Сатирический  образ "пенкоснимателей" выявил наиболее вредные тенденции русского либерализма, его "готовности", послужил предупреждением о том,  что они приведут его к откровенному прислужничеству "хищникам". Салтыков  больше,  чем  кто  иной,  знал  тяжесть   положения подцензурного  русского  публициста  "с  длинными,  запутанными  фразами,  с мыслями, сделавшимися сбивчивыми и темными, вследствие усилий  высказать  их

как можно  яснее".  Поэтому,  еще  раз  возвращаясь  к  судьбе  Менандра,  он

высказал  догадку,  что  "это   индивидуумы   подневольные,   сносящие   иго

пенкоснимательства  лишь потому, что чувствуют себя в каменном мешке". Извиняющийся голос этого "индивидуума" слышится нам и теперь, когда  мы

перечитываем  некоторые  строки  либеральной  прессы   того   времени.   Вот характерное место из передовой "С.-Петербургских ведомостей" (1872,  Э  109, 22 апреля): "Общественная жизнь, подобно морю, имеет свои приливы и отливы...  Факт тот, что начался период отлива; море... далеко отошло от берега, и, гуляя на этом берегу, мы  можем  только  любоваться  на  то,  что  выброшено  великой стихией,  на  все  эти  раковины,  морские  растения,  креветки   и   бочком двигающихся раков.

     Удел публицистики в период  отлива, преимущественно, исследовать  все эти frutti di mare {дары моря.}. Рыболовами, забирающими в свои  сети  то,  что выбрасывается русским житейским морем, пришлось быть преимущественно органам нового нашего суда".

     Пародийные заглавия  столичных либеральных органов ("Вестник Пенкоснимания" и др.), вероятно, направлены по определенному  и  очевидному  для  современников  "адресу".  В статье  "Несколько  полемических  предположений"  Салтыков-Щедрин  указывает,  что, обличая "вредные и ненужные  журналы",  не  следует  создавать  им  рекламу, называя  их,  и  что  поэтому  они  должны  быть   окрещены   "какими-нибудь псевдонимами", и это предоставит возможность "начать уже  изобличать  их  со всею безопасностью!"  (т.  5,  стр.  268).  Под  "Вестником  Пенкоснимания", вероятно, подразумевался либеральный ежемесячный  журнал  "Вестник  Европы", тесно связанный с "С.-Петербургскими ведомостями".

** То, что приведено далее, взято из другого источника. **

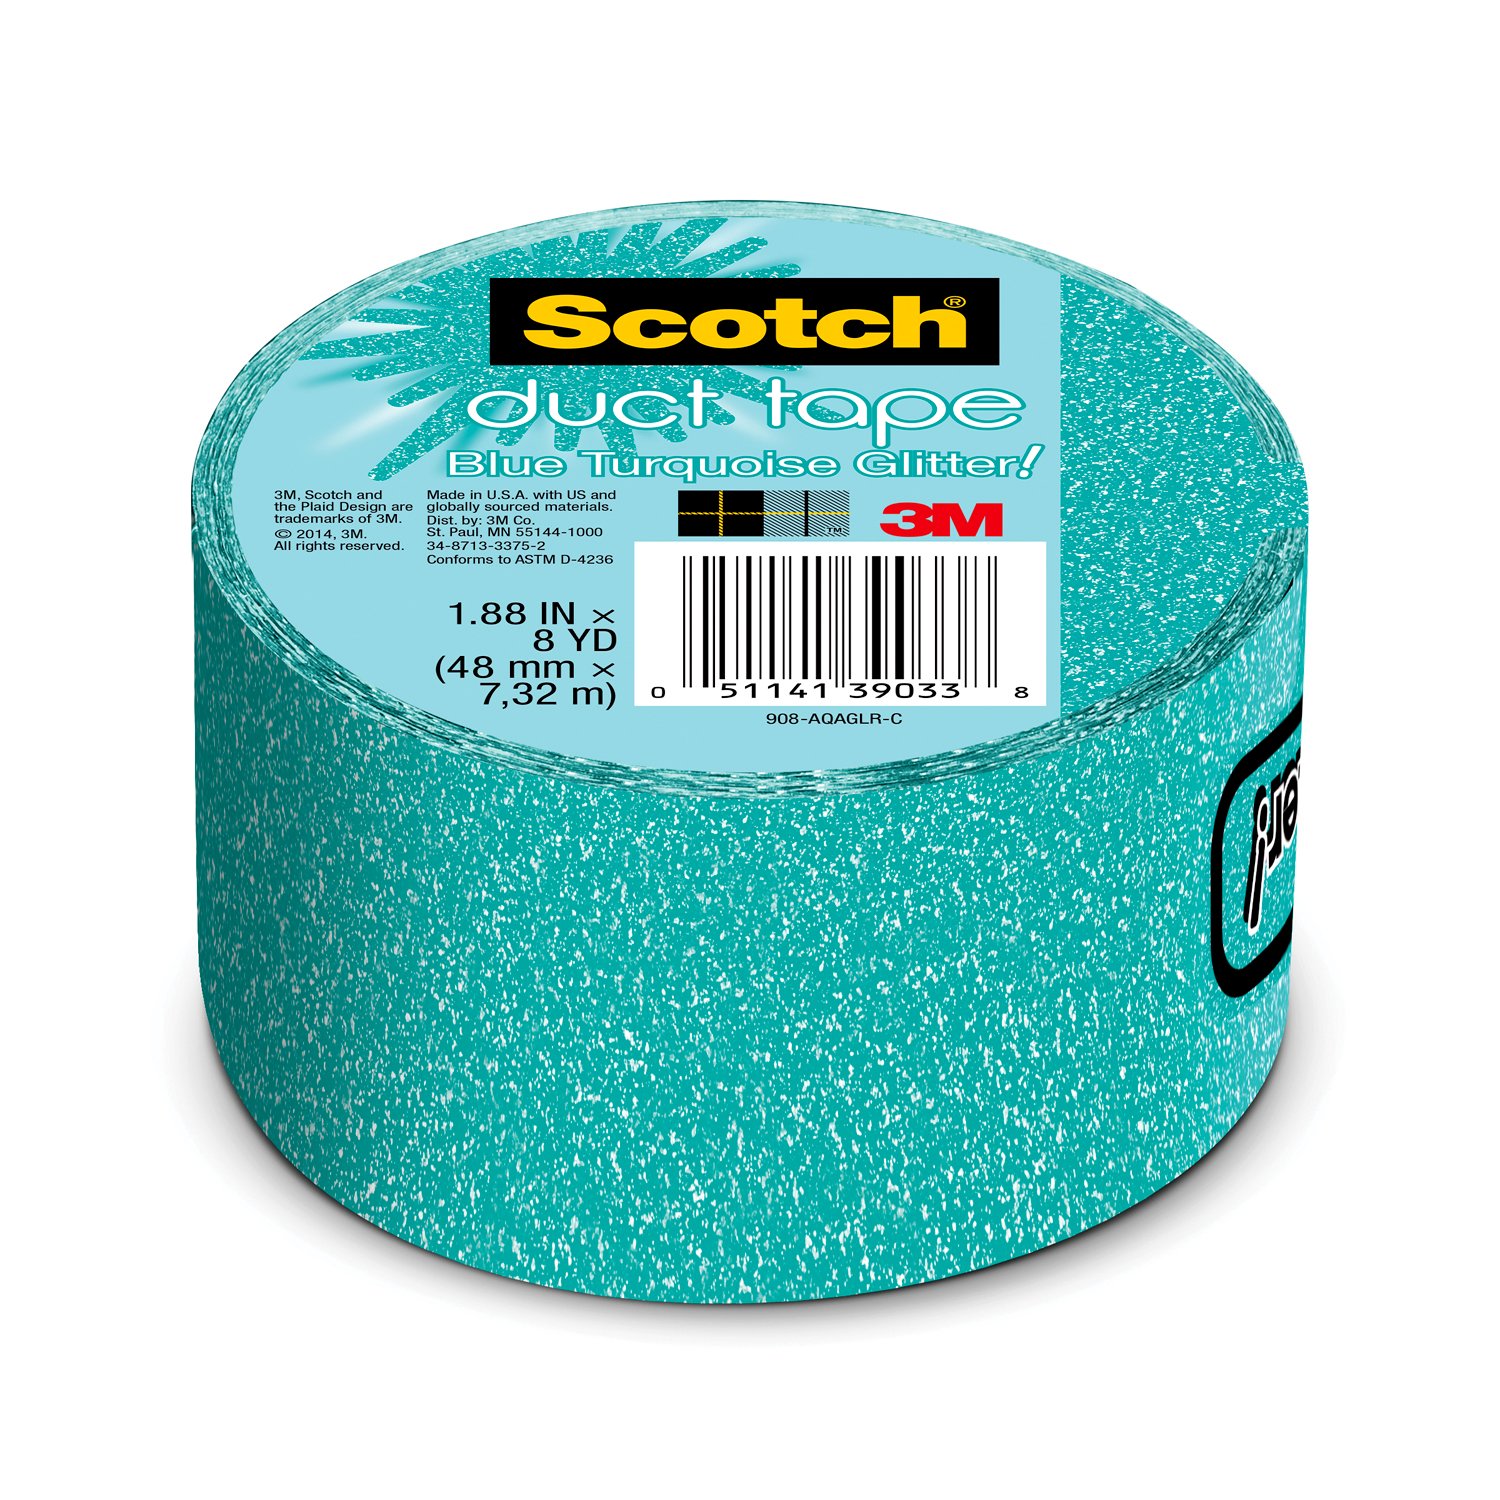 7100112847 - Scotch Duct Tape, 908-AQGL-ESF, 1.88 in x 8 yd (48 mm x 7,32 m)

      Эфемерность   и мизерность   интересов,    бессодержательность, случайность, болтовня, фельетонизм - вот  типические  черты прессы того времени, метко охарактеризованной  сатириком  литературой пенкоснимания,   которая   стала переполняться краткословными и краткомысленными представителями...  Очертить характер той литературы злее и метче, чем это сделал  сатирик,  вряд  ли можно.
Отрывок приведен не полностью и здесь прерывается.